Batch-Aware Unified Memory Management in GPUs for Irregular Workloads

Session: SIMT--So many instructions, multiple tricks!

Authors: Hyojong Kim (Georgia Institute of Technology); Jaewoong Sim (Intel Labs); Prasun Gera (Georgia Institute of Technology); Ramyad Hadidi (Georgia Institute of Technology); Hyesoon Kim (Georgia Institute of Technology)

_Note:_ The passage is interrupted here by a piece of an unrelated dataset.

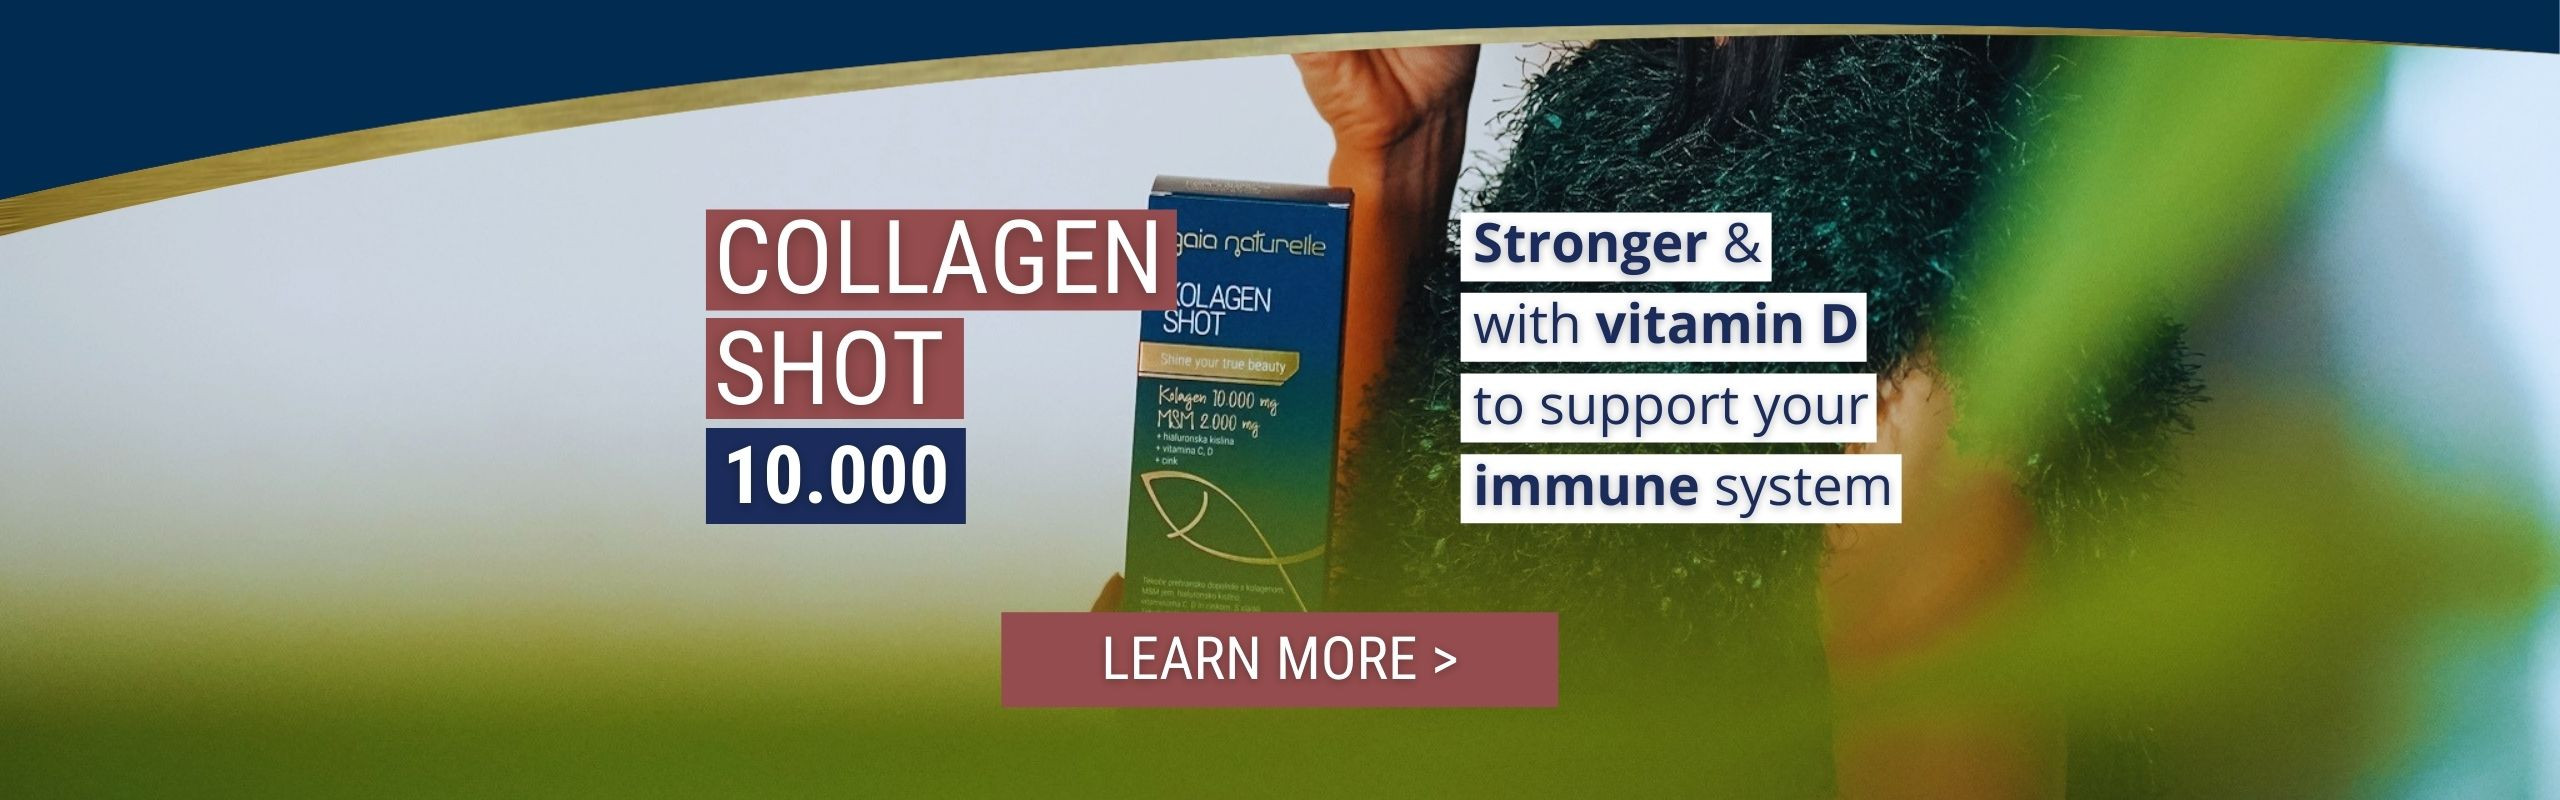 New! Collagen shot 10.000 mg

While unified virtual memory and demand paging in modern GPUs provide convenient abstractions to programmers for working with large-scale applications, they come at a significant performance cost. We provide the first comprehensive analysis of major inefficiencies that arise in page fault handling mechanisms employed in modern GPUs. To amortize the high costs in fault handling, the GPU runtime processes a large number of GPU page faults together. We observe that this batched processing of page faults introduces large-scale serialization that greatly hurts the GPU's execution throughput. We show real machine measurements that corroborate our findings. Our goal is to mitigate these inefficiencies and enable efficient demand paging for GPUs. To this end, we propose a GPU runtime software and hardware solution that (1) increases the batch size (i.e., the number of page faults handled together), thereby amortizing the \overheadName time, and reduces the number of batches by supporting CPU-like thread block context switching, and (2) takes page eviction off the critical path with no hardware changes by overlapping evictions with CPU-to-GPU page migrations. Our evaluation demonstrates that the proposed solution provides an average speedup of 2x over the state-of-the-art page prefetching. We show that our solution increases the batch size by 2.27x and reduces the total number of batches by 51% on average. We also show that the average batch processing time is reduced by 27%.